Olivier Schmouker|Publié le 25 février 2020

Comment devenir la meilleure version de vous-même?

Micael Dahlén est prof à la Stockholm School of Economics. (Photo: Studio Emma Svensson)

BLOGUE. Si vous êtes vraiment un fan fini du blogue «En Tête», peut-être aurez-vous noté que j’ai une idole, que je suis en admiration devant tout ce que pense et fait une personne très particulière, Micael Dahlén. Micael Dahlén? Il s’agit d’un type hors-norme, barbu, chevelu et tatoué d’inscriptions bizarroïdes sur les phalanges comme sur le cou. D’un type qui est professeur de marketing à la Stockholm School of Economics, mais aussi conférencier hors pair sur des thèmes comme le bonheur au travail ainsi qu’auteur de livres décalés, qui vont de l’essai sur la créativité au roman de science-fiction. Bref, d’un type qui pétille d’intelligence.

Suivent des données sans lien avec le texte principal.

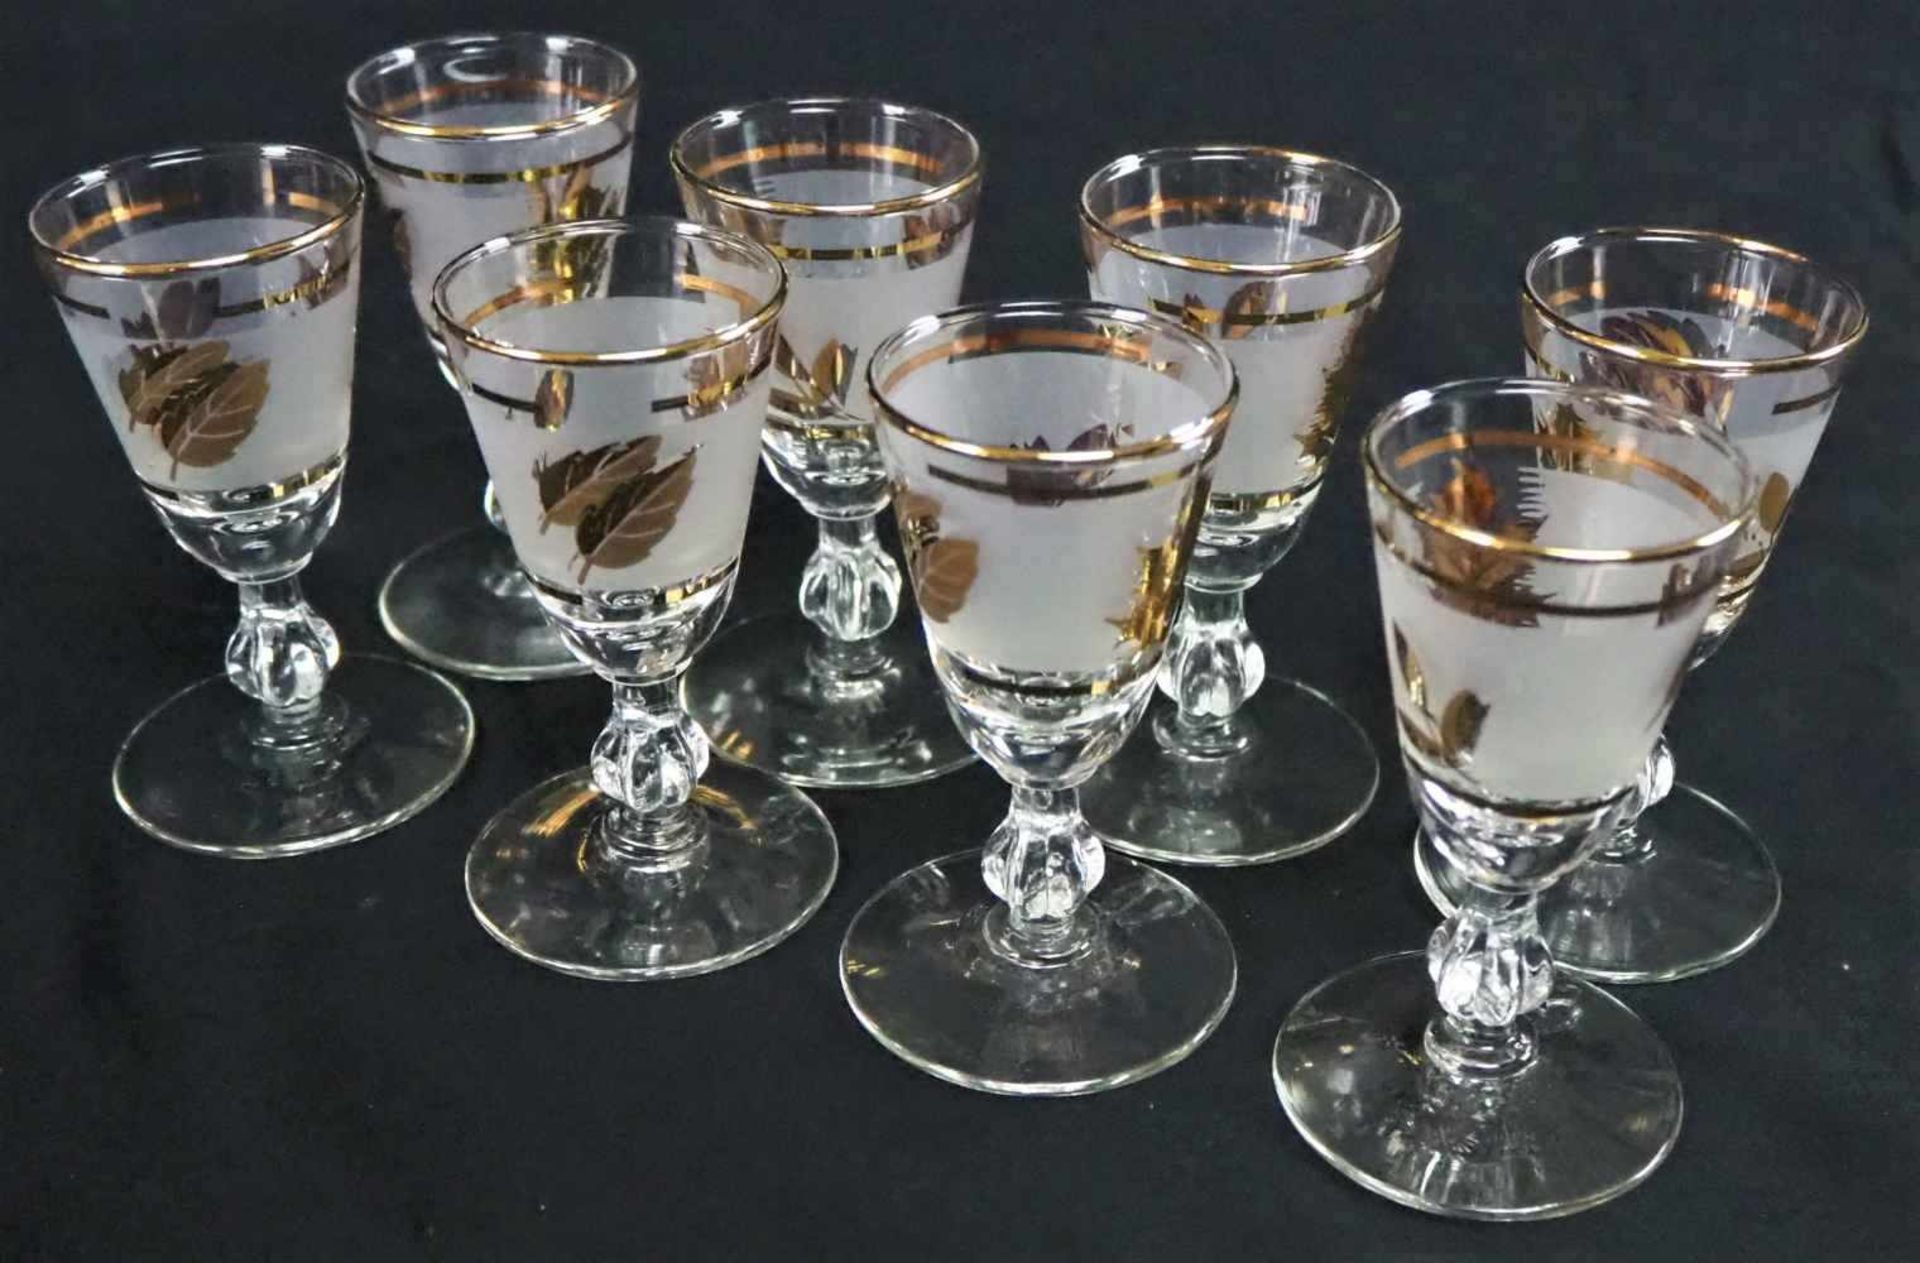 8 Likörgläser mit Golddekor8 liqueur glasses with gold decoration- - -21.01 % buyer's premium on the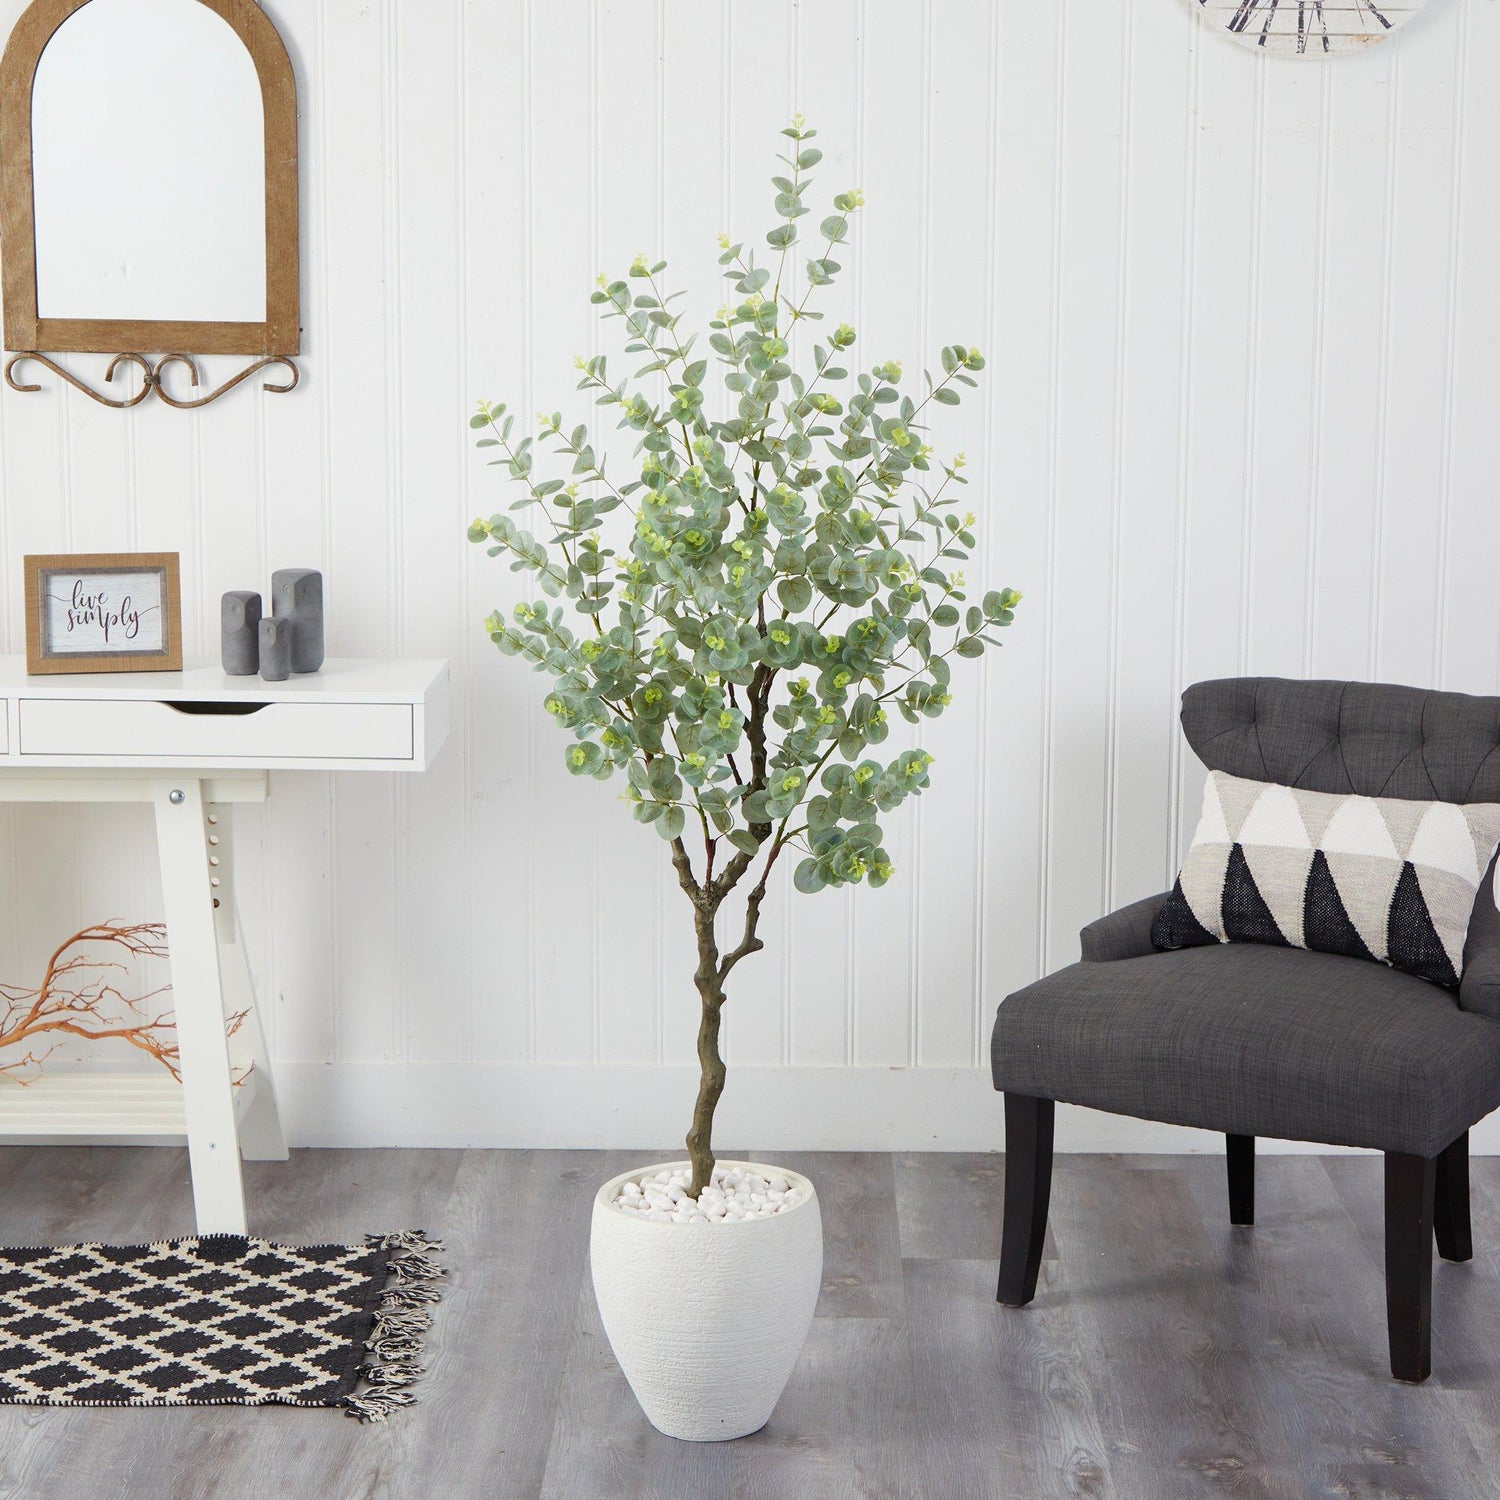 63” Eucalyptus Artificial Tree in White Planter

Ma grande chance, c’est que nous sommes amis Facebook. Ce qui m’a permis de voir, la semaine dernière, un de ses posts qui indiquait combien il était honoré qu’une de ses vielles chroniques pour le quotidien suédois Göteborgs-Posten ait dépassé le demi-million de vues. Cette chronique est intitulée «Räkna till åtta. Snälla» («Comptez jusqu’à huit. S’il-vous-plaît», en français). Je l’ai lue. Je l’ai adorée. Et je ne résiste pas au plaisir d’en partager la substantifique moelle avec vous, tant je suis convaincu qu’elle peut contribuer à améliorer votre quotidien, en particulier au travail…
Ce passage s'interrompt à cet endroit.